Re: column counter and printf question
by Tux (Canon) on Oct 28, 2015 at 17:41 UTC

    Your problem descriptions sounds almost as if you are dealing with a file with fixed-width columns. If that is true, use unpack instead of split in order not to miss empty columns that cause the rest of the data to move columns.

    Maybe you can show a few lines of the data, and we can tell you a better approach.
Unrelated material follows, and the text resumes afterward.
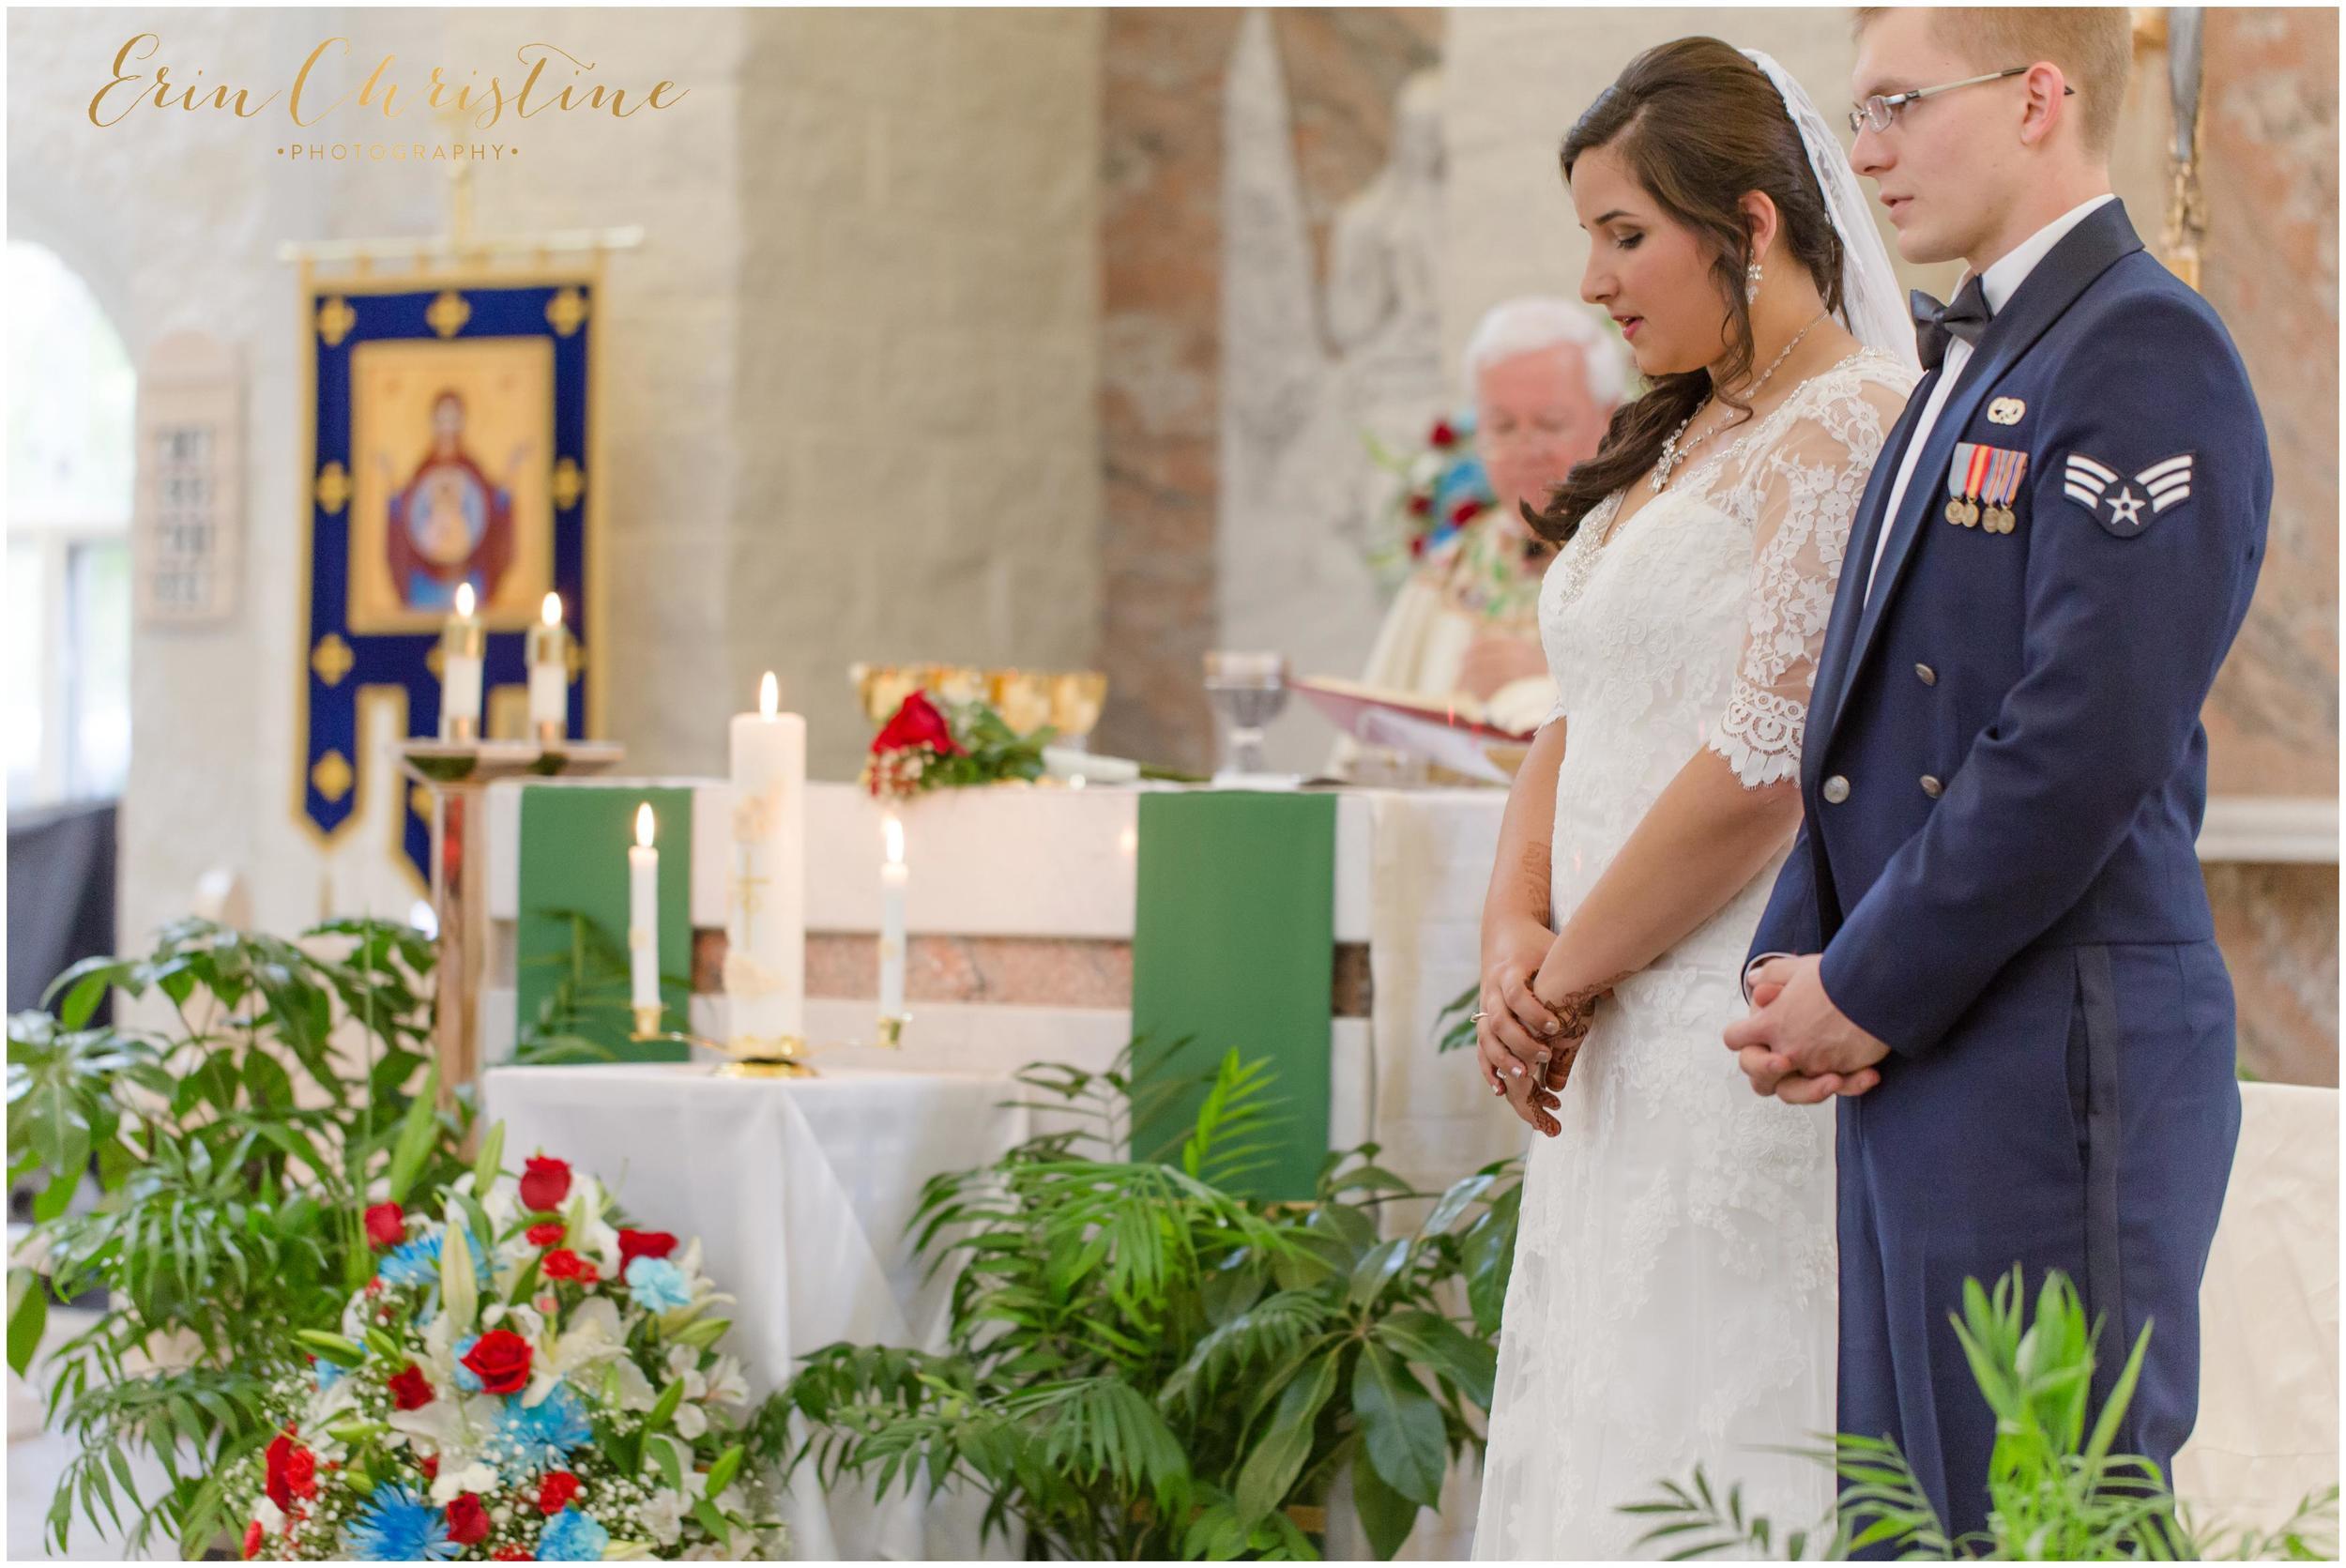 Catholic Ceremony Jesus The Good Shephered-9091.jpg

    Enjoy, Have FUN! H.Merijn
Re: column counter and printf question
by BillKSmith (Monsignor) on Oct 28, 2015 at 15:02 UTC
    Perl can count the columns.
    use strict; use warnings; while( my $line = <DATA>) { next unless $. > 12; # $. contains current line number next if $line =~ /^$/; # skip blank lines chomp $line; # remove end-of-line character $line =~ s/\s+//; # strip leading whitespace my @columns = split(/\s+/, $line); # split columns on whitespace my $format = "%8.3f" . "%10.3f"x(@columns-3) . "\n"; printf $format, @columns[2..$#columns]; } # my guess at the input data __DATA__ SKIP 1 SKIP 2 SKIP 3 SKIP 4 SKIP 5 SKIP 6 SKIP 7 SKIP 8 SKIP 9 SKIP 10 SKIP 11 SKIP 12 Line_1 0.0 0.0 1.0 2.0 3.0 4.0 5.0 6.0 7.0 8.0 Line_2 0.0 0.0 2.0 3.0 4.0 5.0 6.0 7.0 8.0 9.0 Line_3 0.0 0.0 3.0 4.0 5.0 6.0 7.0 8.0 9.0 1.0 Line_4 0.0 0.0 4.0 5.0 6.0 7.0 8.0 9.0 1.0 2.0 Line_5 0.0 0.0 5.0 6.0 7.0 8.0 9.0 1.0 2.0 3.0
    Bill
      $line =~ s/\s+//; # strip leading whitespace

      The comment doesn't match the code, it strips the first whitespace it finds. Or perhaps you're missing a ^.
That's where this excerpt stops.